_Instructions to follow_
A verbatim copy of the full data, with no pictures, is the expected answer.

_Information shown_
--- START ---

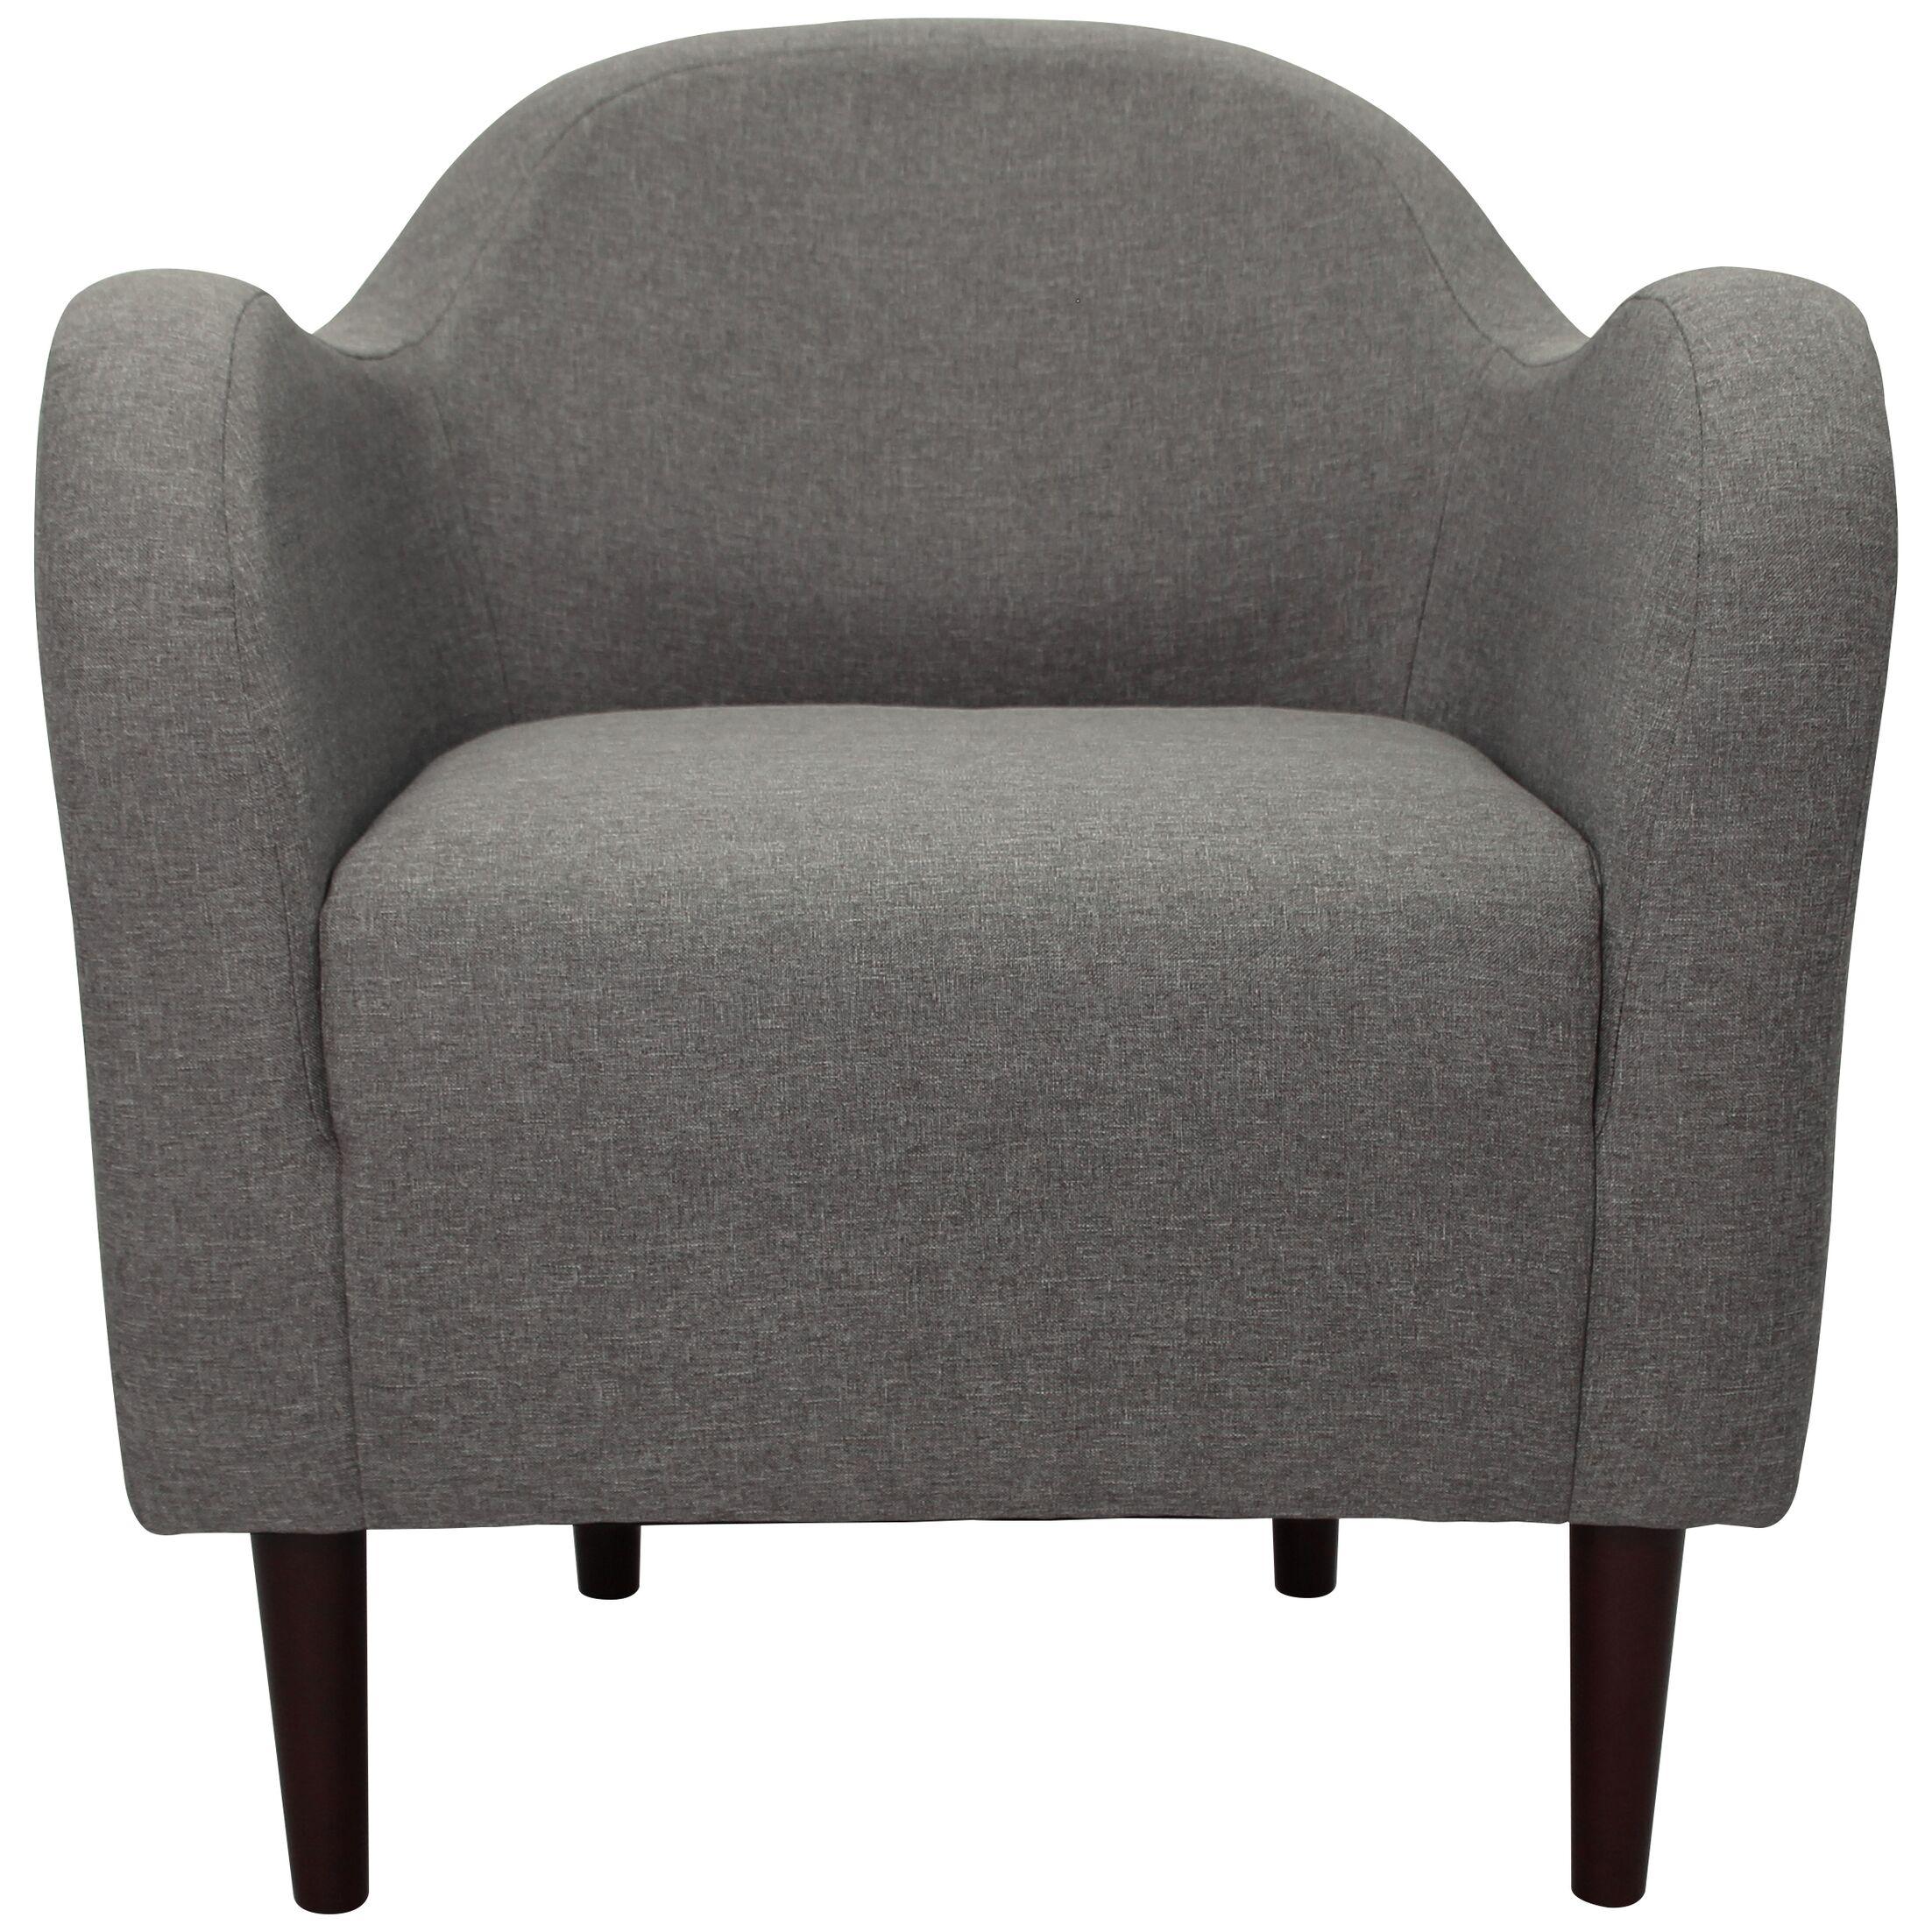 Reider Mid Century Armchair Upholstery: Quartz
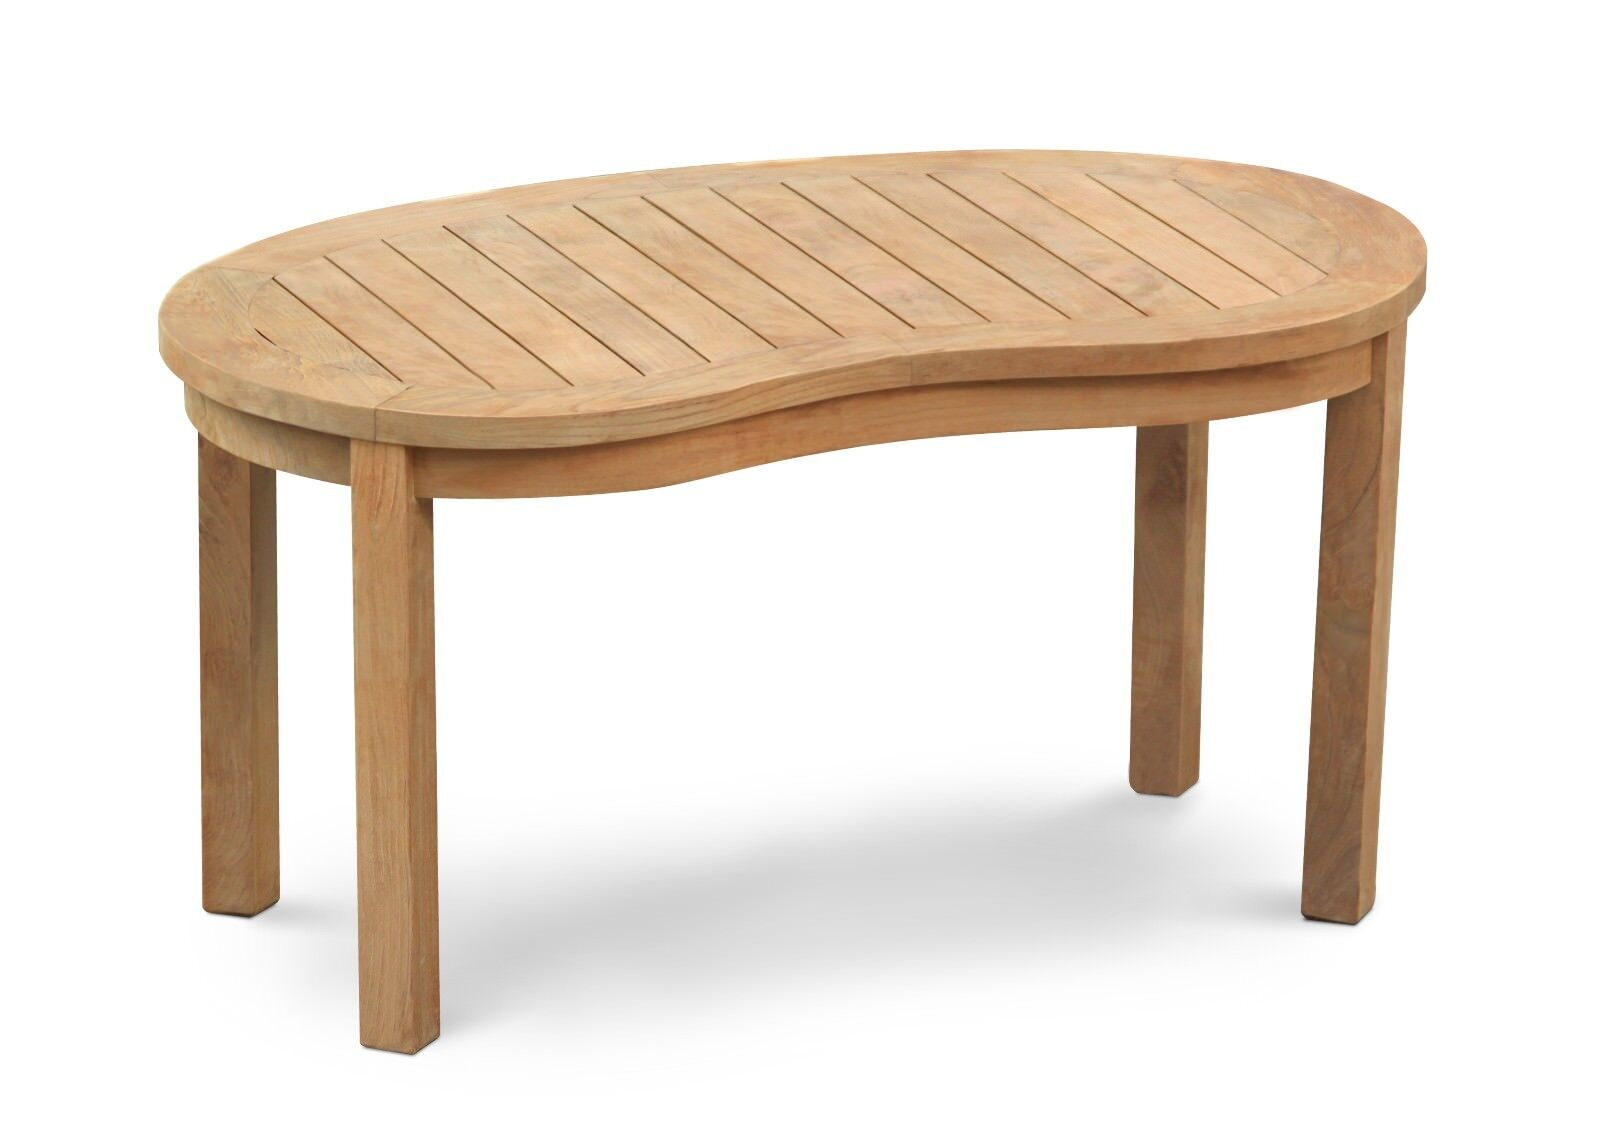 Premium Teak Banana Coffee Table 108 Cm Oval Kidney Shaped Wooden Side
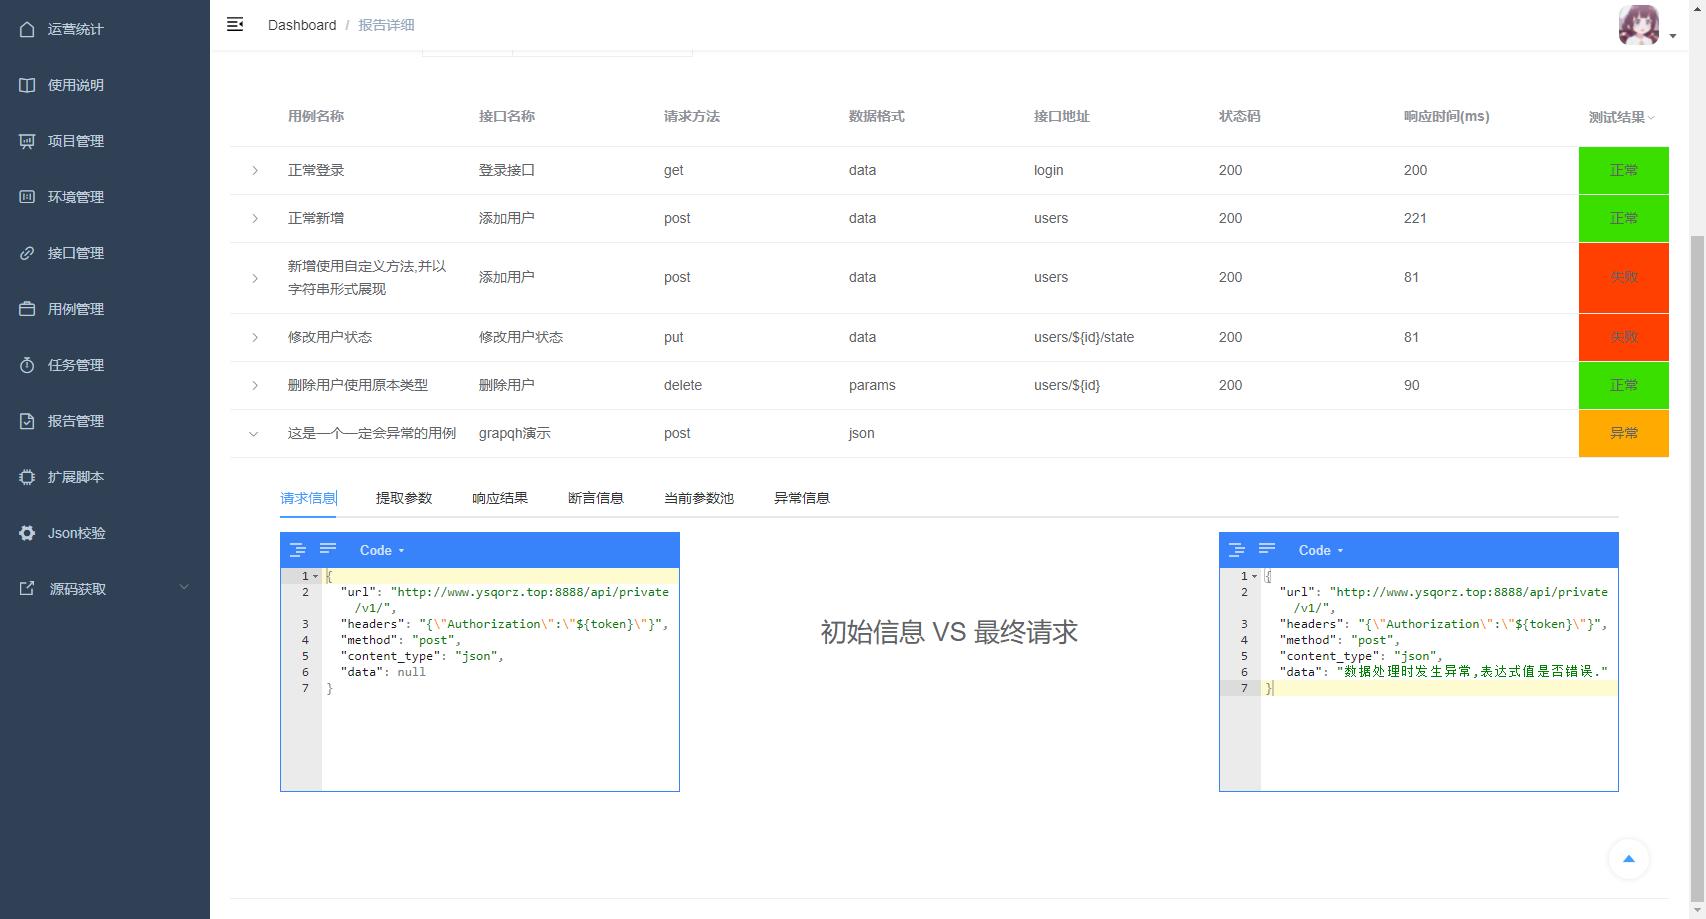 FastAPI + Vue 前后端分离 接口自动化测试工具 apiAutoTestWeb

--- END ---

_Output of the exercise_
 Reider Mid Century Armchair Upholstery: Quartz
 Premium Teak Banana Coffee Table 108 Cm Oval Kidney Shaped Wooden Side
 FastAPI + Vue 前后端分离 接口自动化测试工具 apiAutoTestWeb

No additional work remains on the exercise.